*** Data extract ***

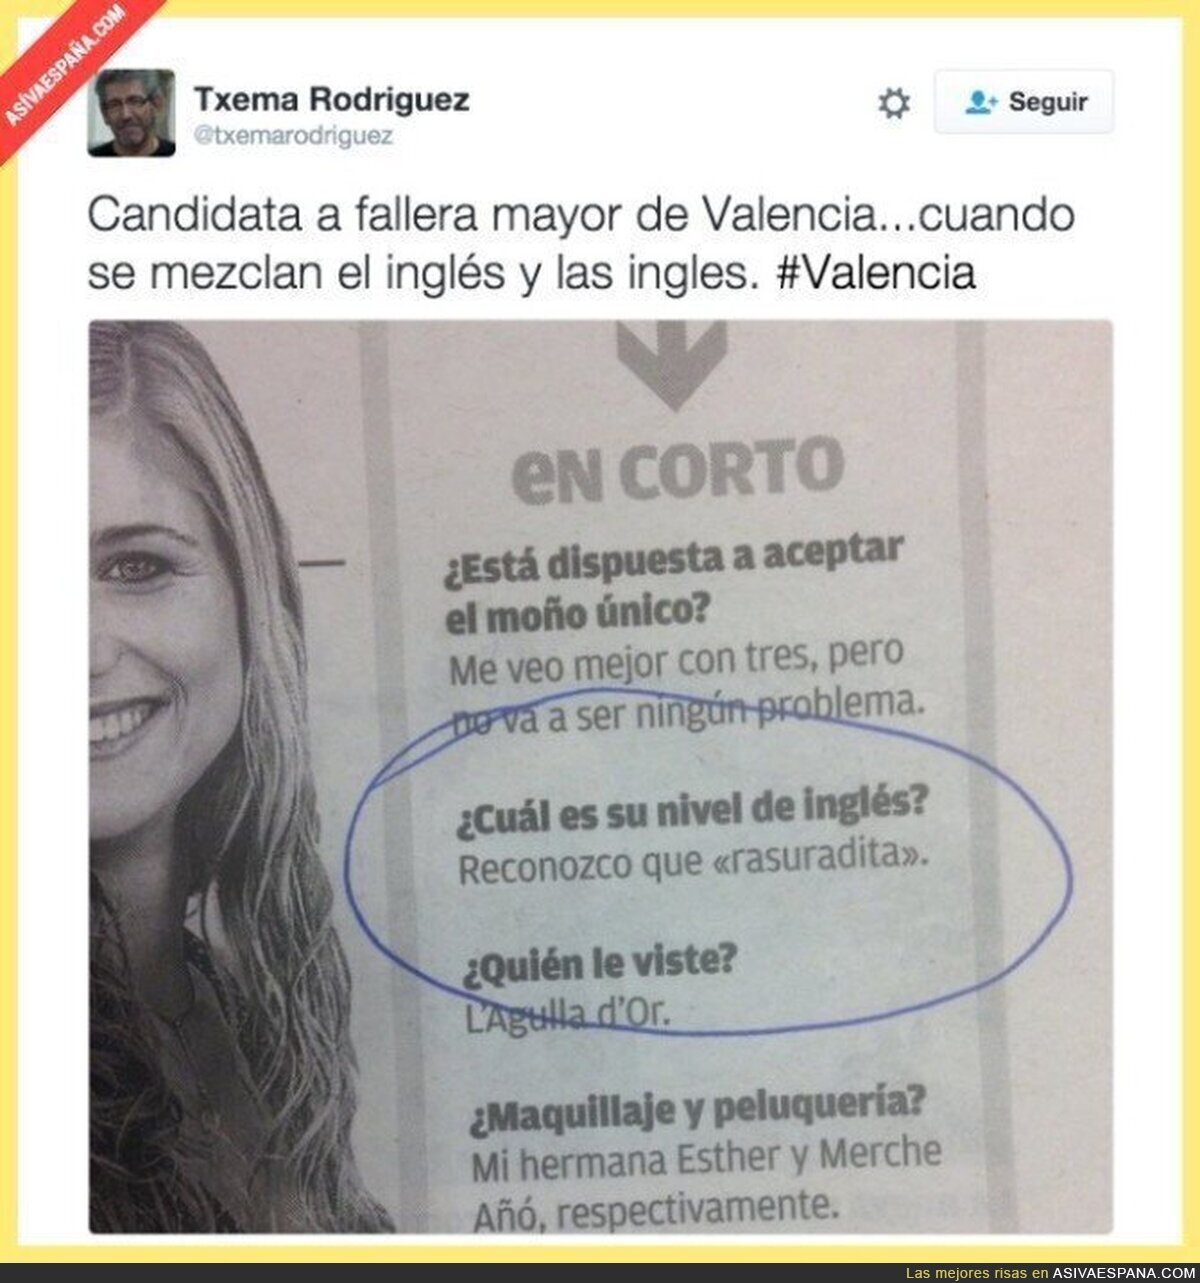 El problema con las tildes de la candidata a fallera mayor de Valencia
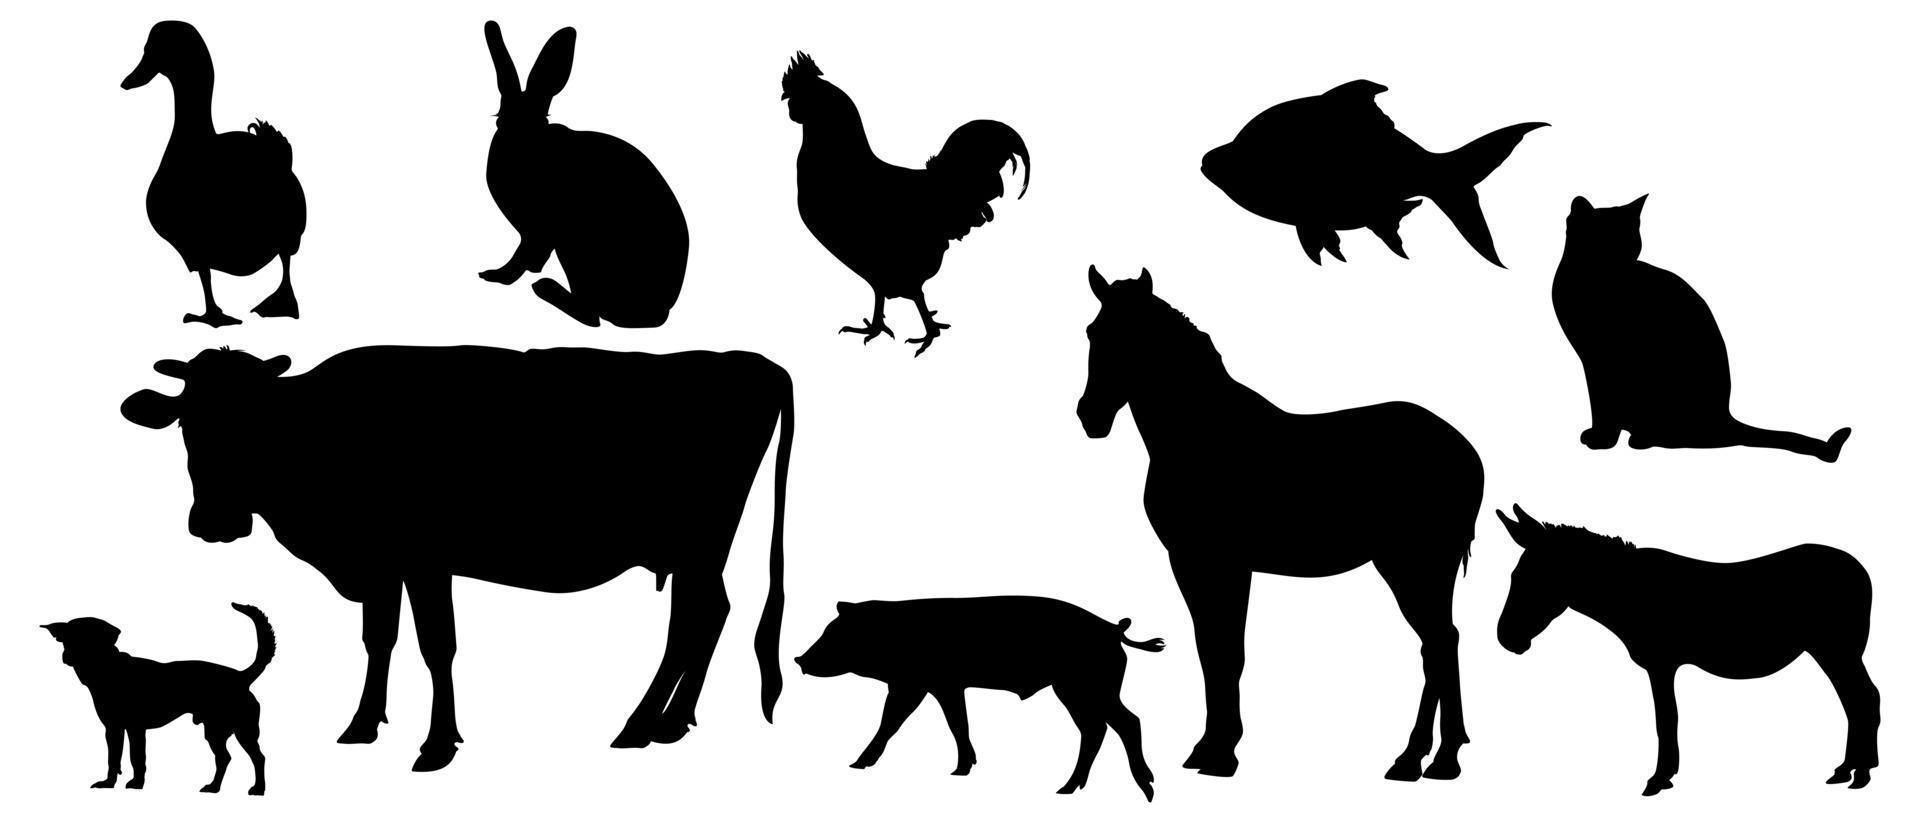 Reihe von Nutztieren - Silhouetten von Haustieren - Silhouetten von Tieren vektor
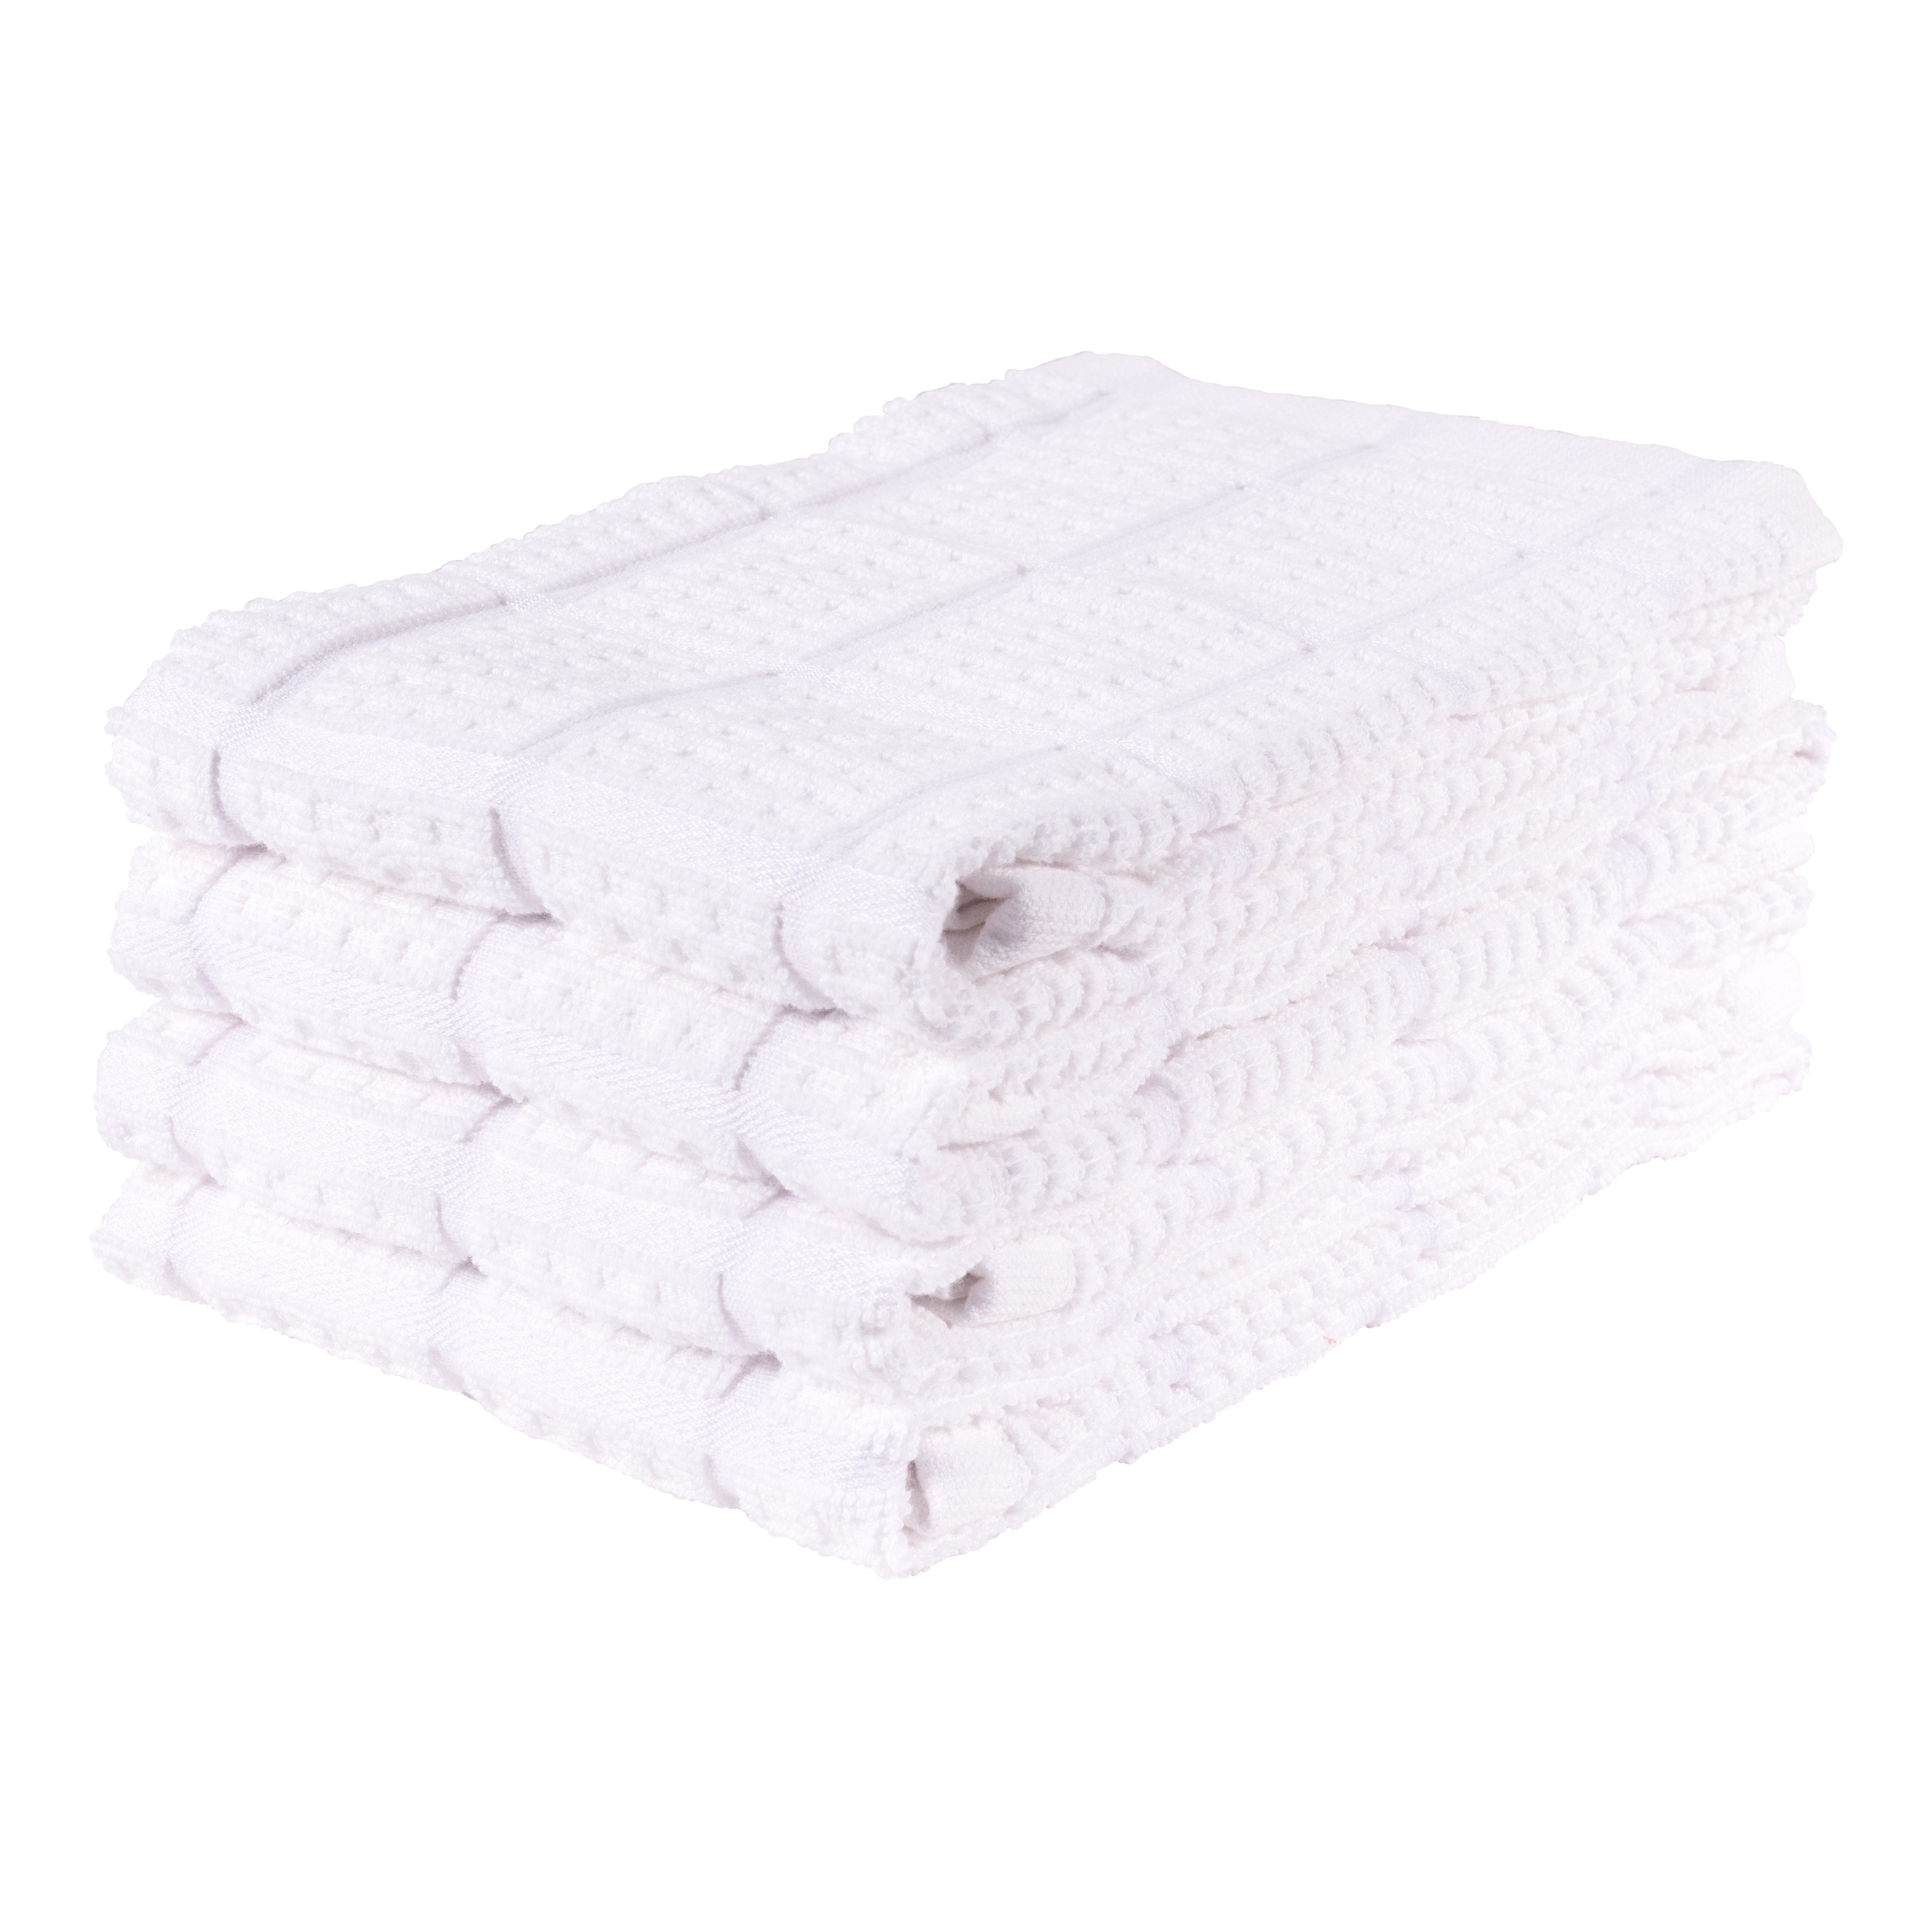 Set of 10 Dish Towel Bridesmaid Gifts Small Bath Towels

***

Print the material word for word; images are to be left out.

 El problema con las tildes de la candidata a fallera mayor de Valencia
 Reihe von Nutztieren - Silhouetten von Haustieren - Silhouetten von Tieren vektor
 Set of 10 Dish Towel Bridesmaid Gifts Small Bath Towels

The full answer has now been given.